For so many of us, the loss of community was almost unbearable. We watched as strict regulations for gathering were put in place to keep us safe. Thankful for the wisdom of these regulations, but saddened by the reality of them, we had to work on new ways of connecting with each other. This is the first year our ministry shifted to provide our events fully online. While it is true that we lamented the loss of in-person connections, we rejoiced that working from an online platform engaged a larger number of people within our community and our conversations, ideas and goals grew and developed as a result. Geography no longer dictated our resources or connections.
While painful and full of tremendous loss, we have learned a great deal about community. Now we will continue to ask, how do we build it? What limits us? How can we work around these limitations? How can we break down traditional barriers that exist within communities?
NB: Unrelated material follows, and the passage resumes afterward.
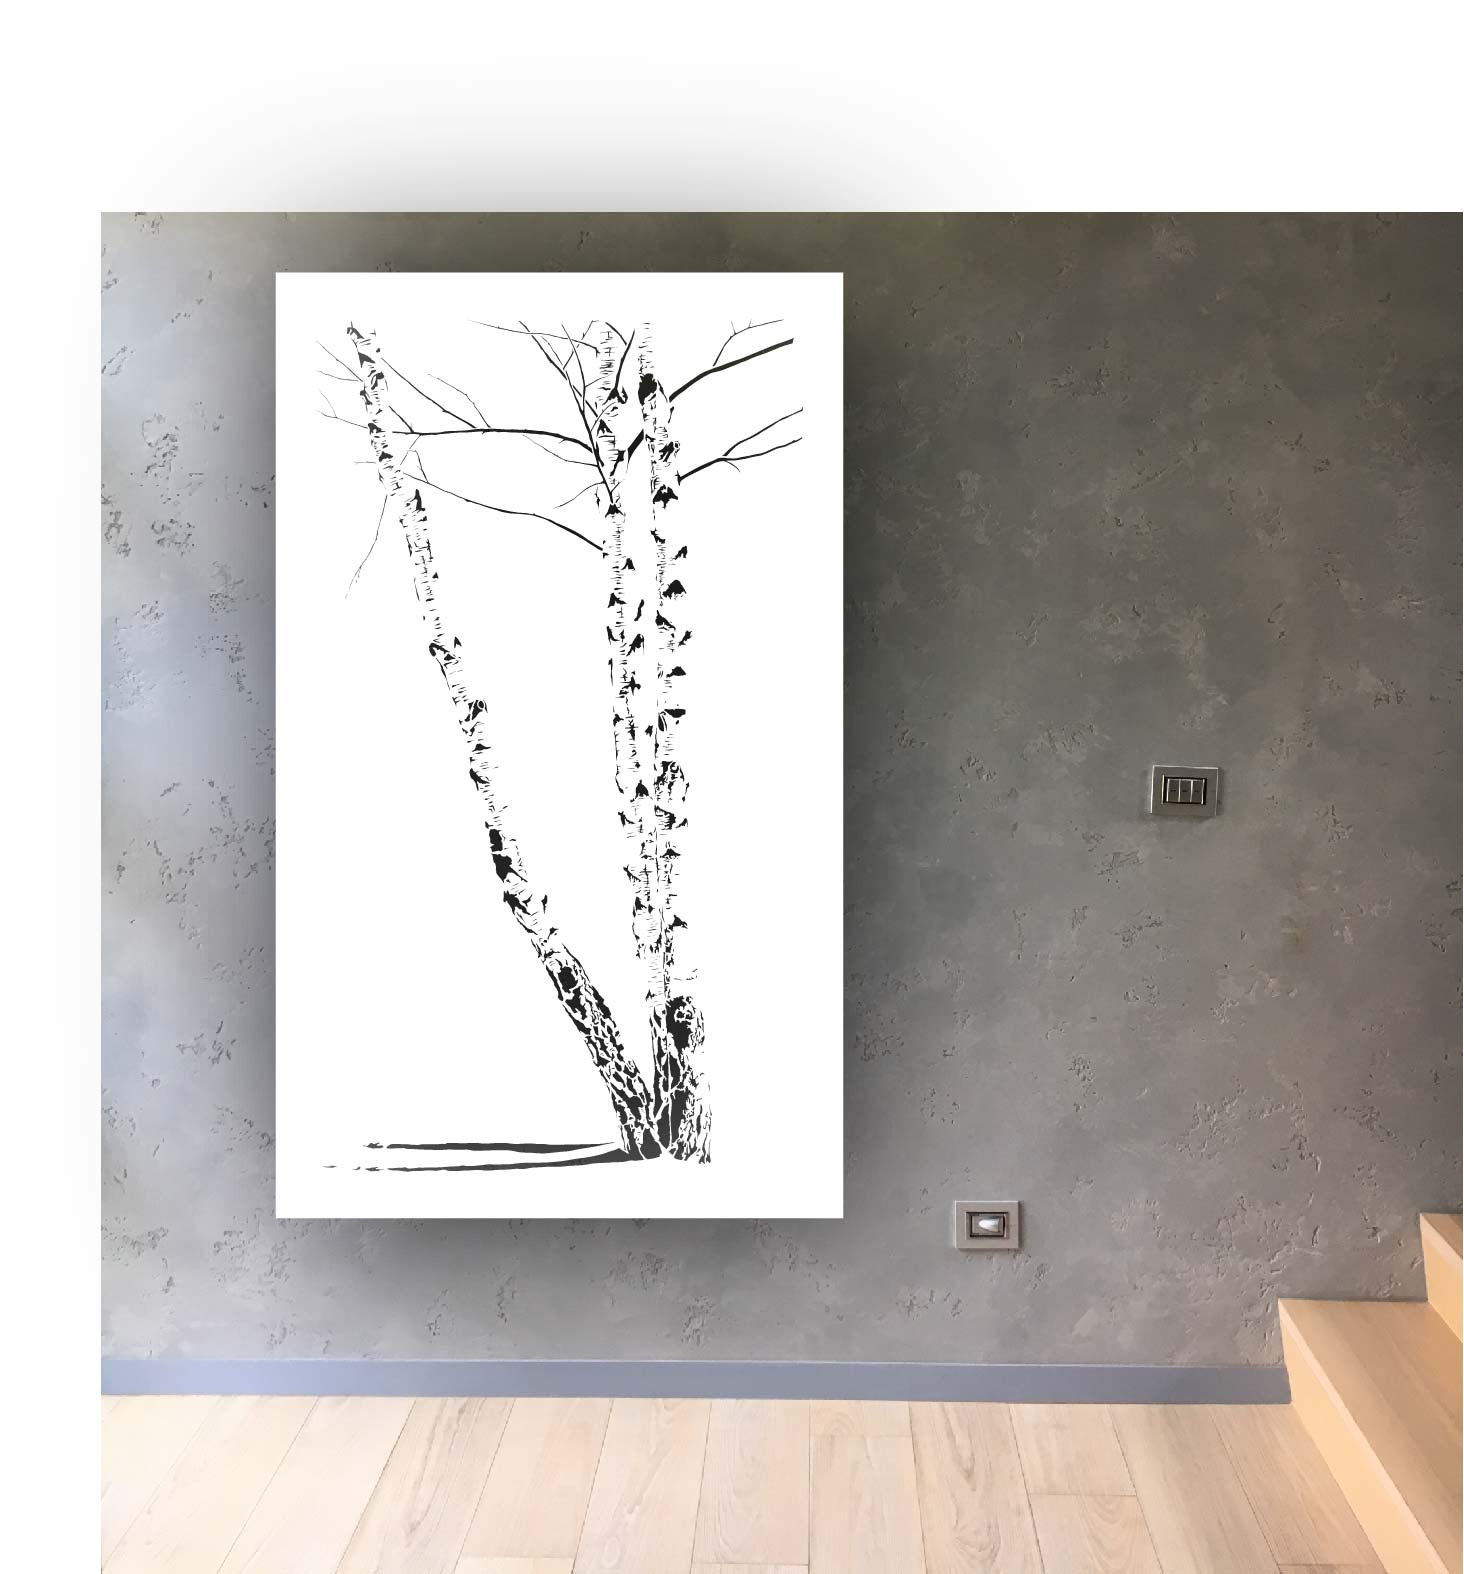 Obraz metalowy na ścianę brzozy_1

We will need to take space to grieve the significant losses that defined 2020, we also need to hold onto the lessons 2020 has taught us:
Communities do not need to be defined by geography.
Strong communities are built upon the beautiful uniqueness that each individual brings into it.
Communities need to learn to grieve and lament together in order to grow.
Communities grow through a wide variety of connections and are not limited to traditional formats of connecting.
As we, the Disability Concerns ministry, look forward to 2021, we will be embracing all the valuable lessons that 2020 has given to us. This year, while full of grief and sadness, may we celebrate the value of human connection.